Mahane Yehuda is one of Jerusalem's most vibrant and popular destinations, with over 250 stalls. It has undergone significant gentrification, with bars and restaurants opening in the evenings, while maintaining its traditional market character during the day.
Visit: Mahane Yehuda Market (landmark)
Near Mamilla, central Jerusalem — Public park
Jerusalem's public parks and gardens are spaces where the social life of the city is performed in the open — families, young people, couples — all inhabiting their bodies with an ease that Aron observes from a painful distance. Parks are spaces in the novel where time seems to move visibly in other people's faces and bodies while Aron remains unchanged, a small figure watching the world age around him.
Bloomfield Garden was established in the early 20th century on the edge of the Mamilla area. It overlooks the Old City walls and the Valley of Hinnom, offering one of Jerusalem's classic views. It was named after a major donor to the city.
Bloomfield Garden remains a public park popular with Jerusalem residents and tourists. It offers scenic views of the Old City, Mishkenot Sha'ananim, and the Sultan's Pool amphitheater below.
Visit: Bloomfield Garden (Gan HaAtzmaut) (park)

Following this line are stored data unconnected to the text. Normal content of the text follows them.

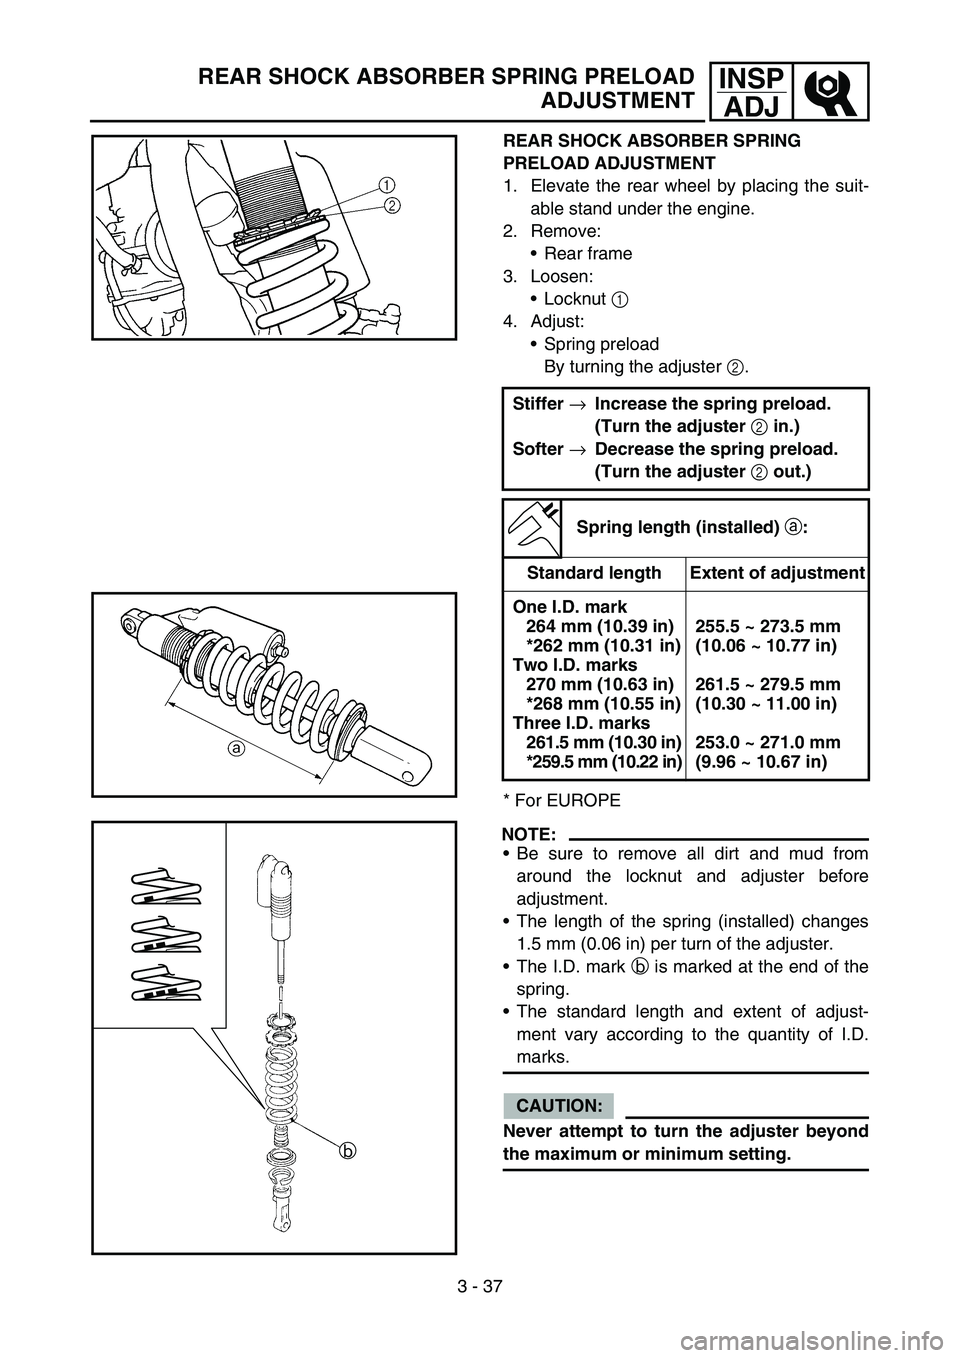 YAMAHA YZ450F 2006  Betriebsanleitungen (in German) 3 - 37
INSP
ADJREAR SHOCK ABSORBER SPRING PRELOAD
ADJUSTMENT
REAR SHOCK ABSORBER SPRING 
PRELOAD ADJUSTMENT
1. Elevate the rear wheel by placing the suit-
able stand under the engine.
2. Remove:
Rear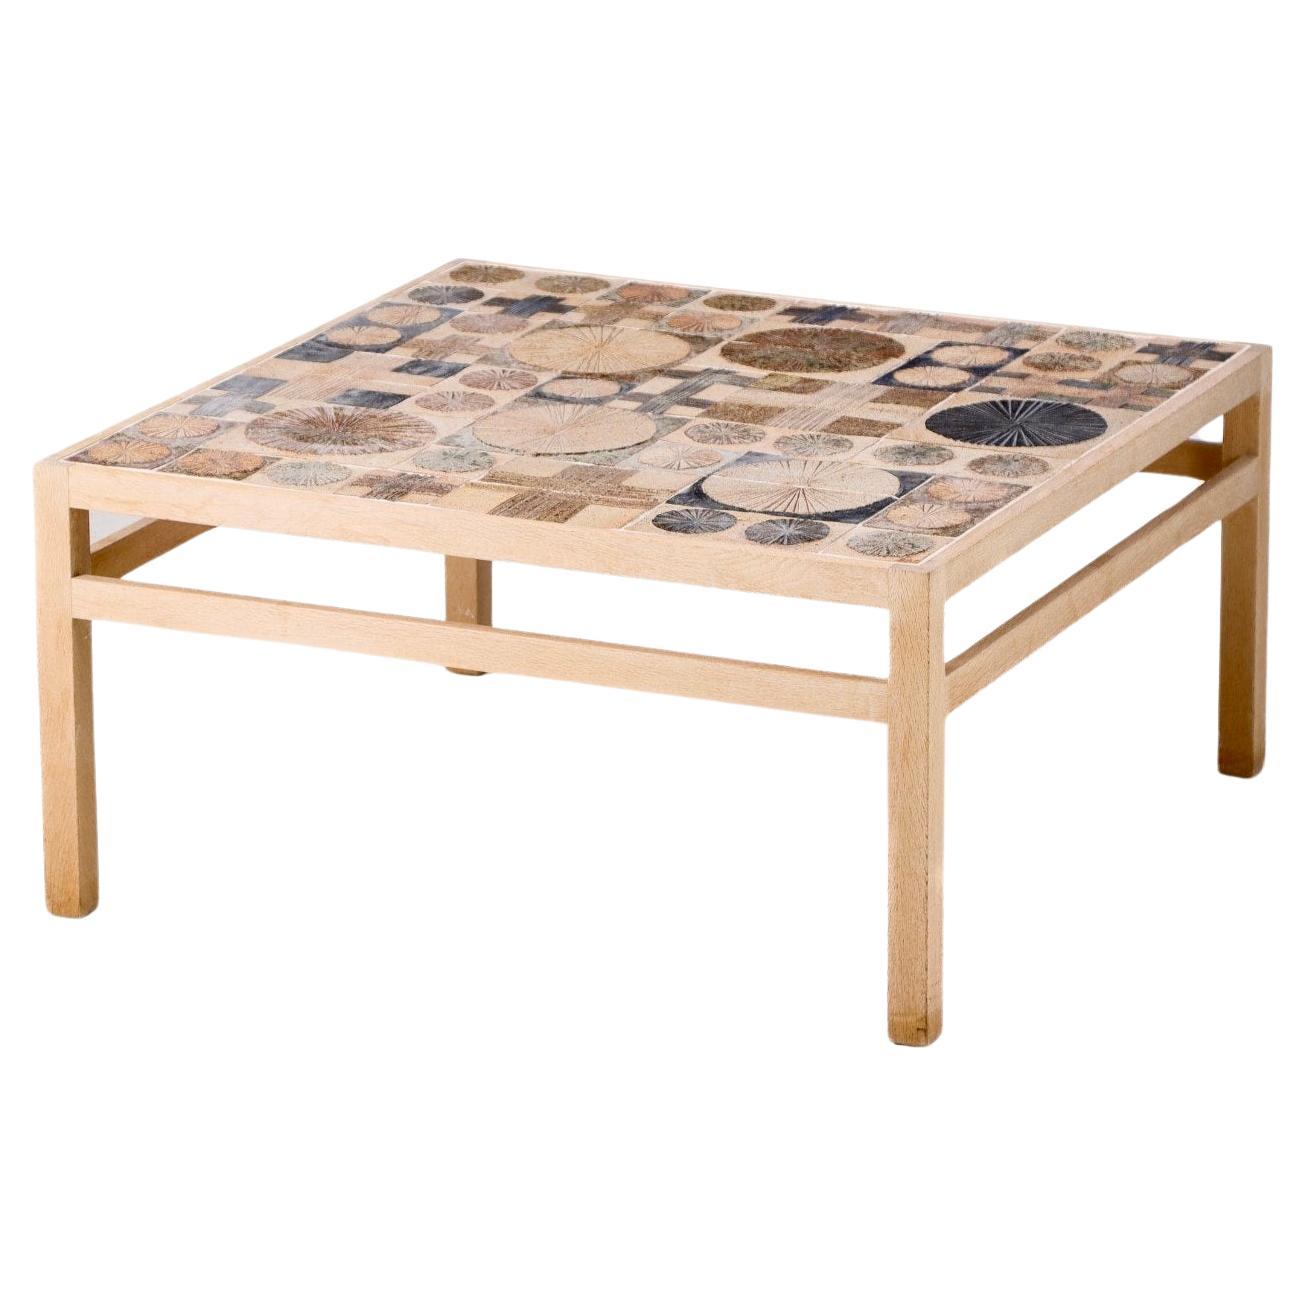 Exquisite large oak coffee table of hand painted tiles by Tue Poulsen (Denmark 1939 - Danish sculptor, artist, designer and ceramist) executed by Master carpenter Willy Beck. 
Table is signed with paper label reading 'Snedkermester Willy Beck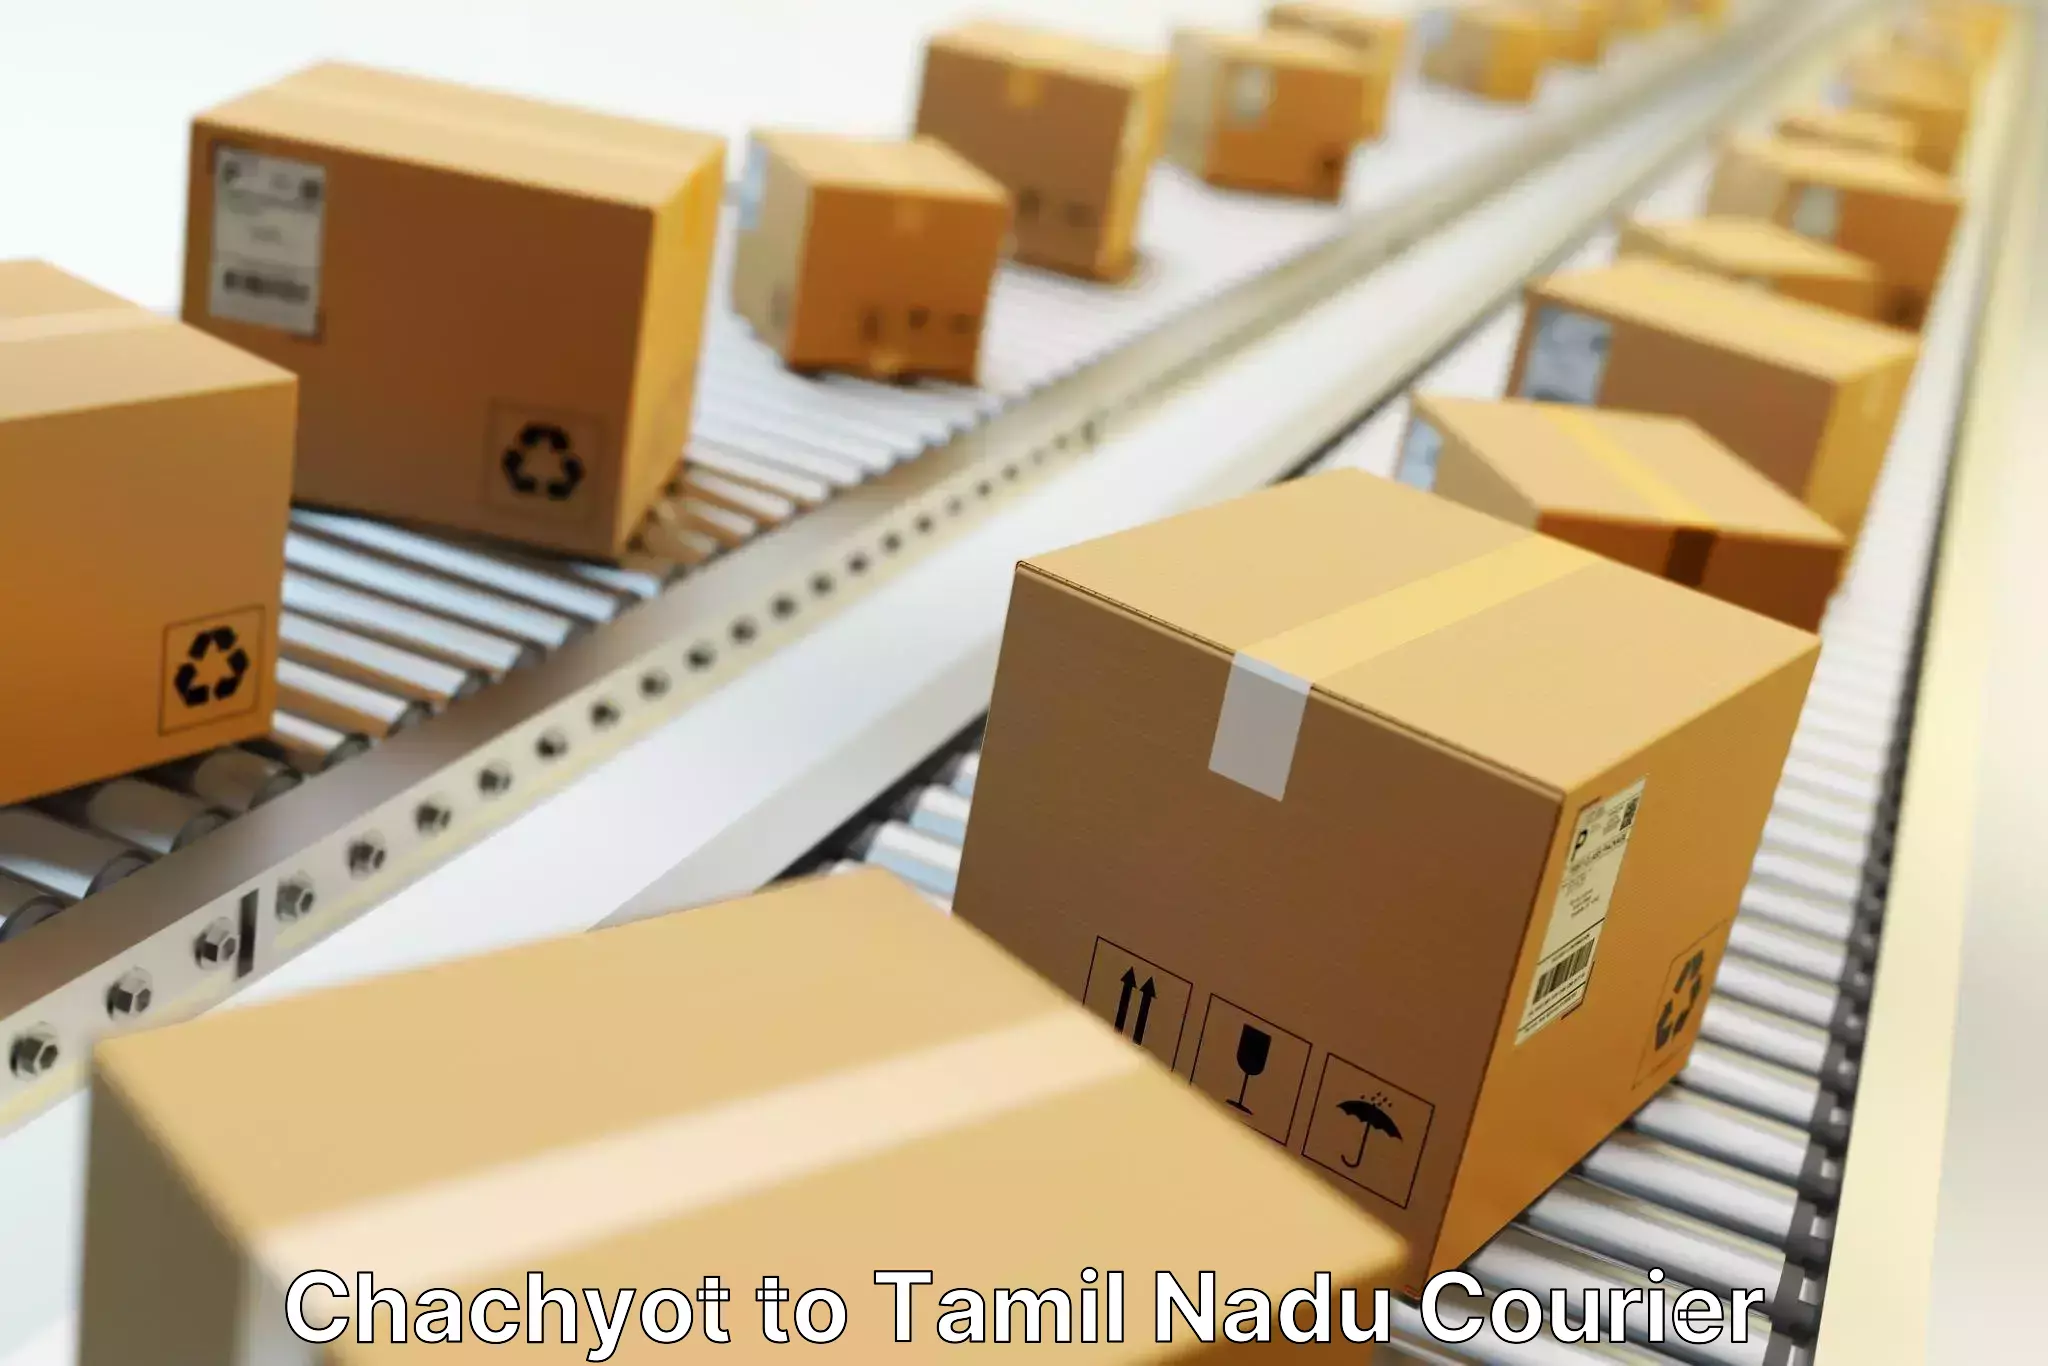 Courier service booking Chachyot to Vellore Institute of Technology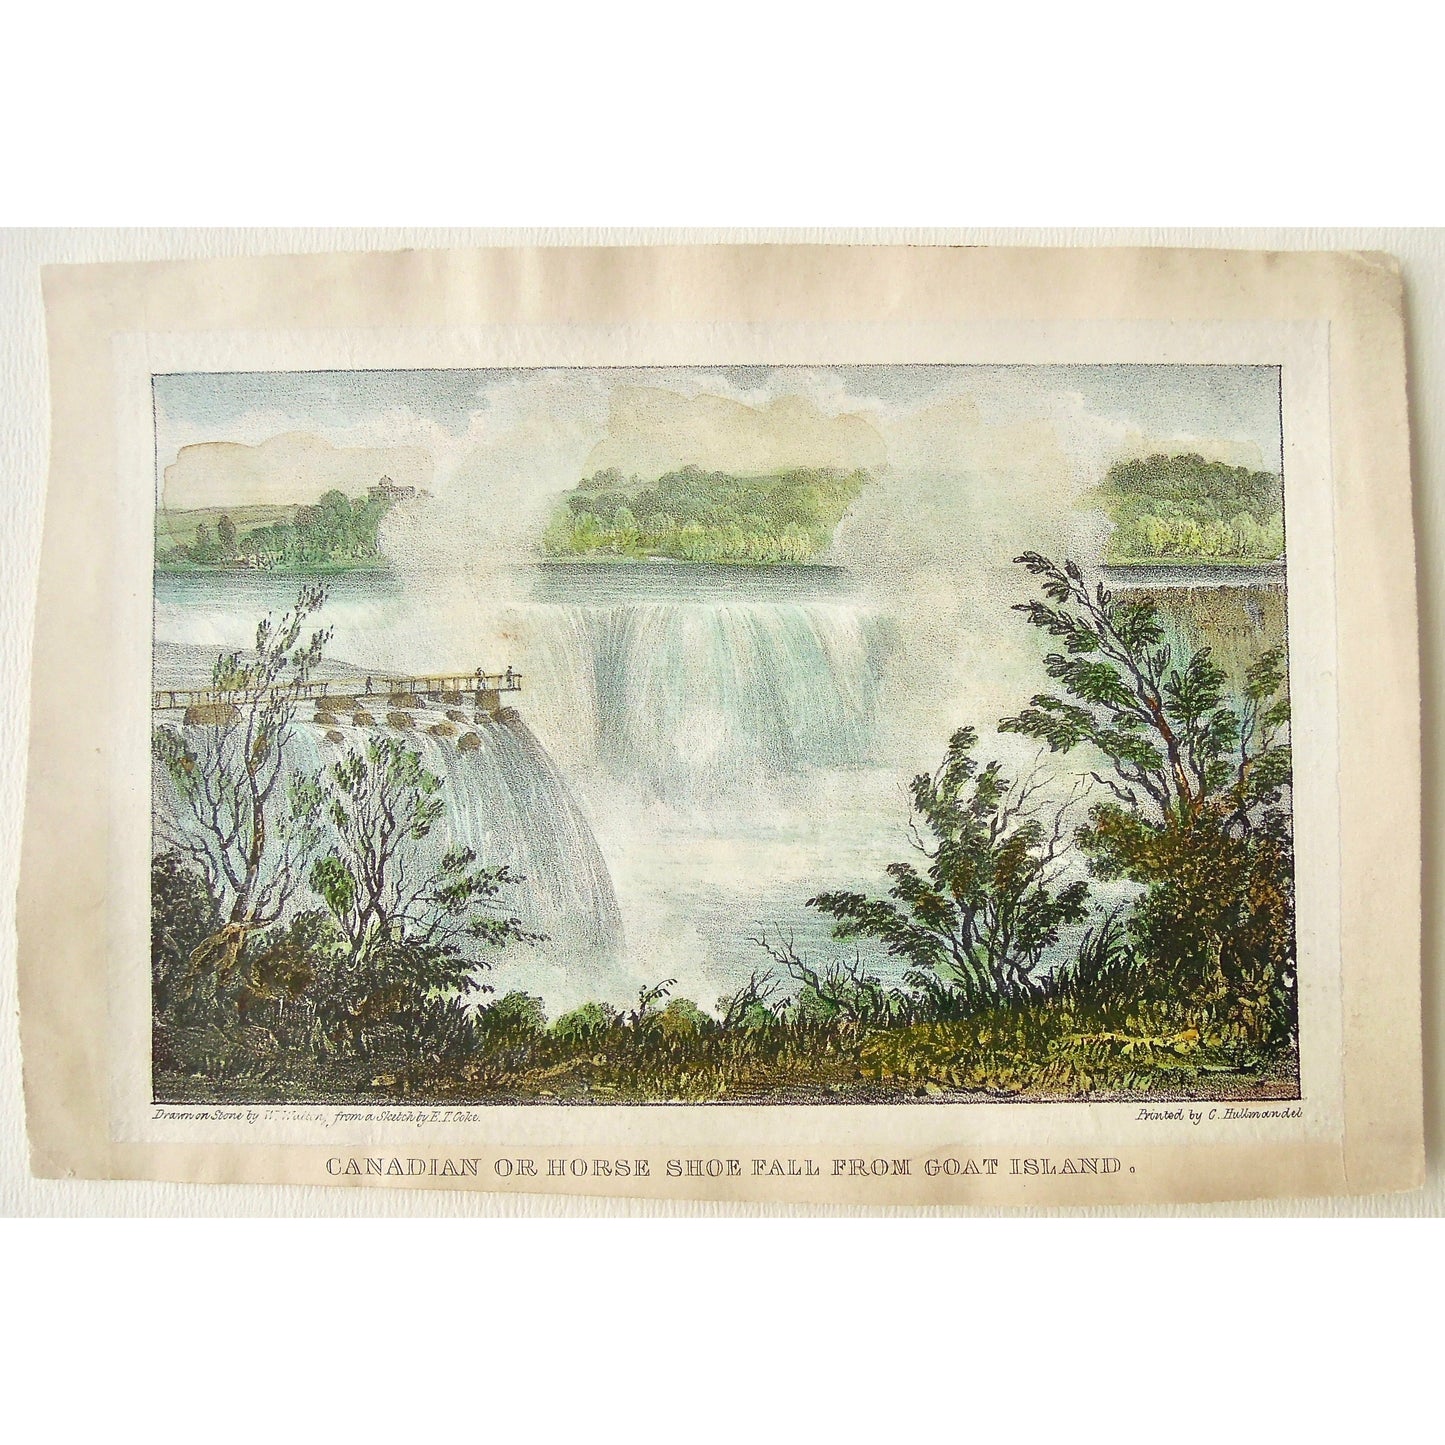 Canadian or Horse Shoe Fall from Goat Island.  (B1-E-24d)

Givat Ram, West Jerusalem — Symbol of intellectual aspiration
The Hebrew University represents the world of official intellectual achievement that Israeli society holds out as aspiration — a world that assumes the student will pass through proper stages of childhood and adolescence into adulthood. For Aron, whose inner life is rich but whose development is arrested, such institutions represent a future that feels impossibly distant. Education in the novel is both a promise and a judgment.
The Givat Ram campus of the Hebrew University was established in 1954 after the original Mount Scopus campus was cut off following the 1948 war. It became home to the sciences and the National Library of Israel and was a central institution of Israeli intellectual and cultural life.
The Givat Ram campus continues as an active part of Hebrew University, home to science faculties and the National Library of Israel's landmark new building, opened in 2021. The campus is open to the public.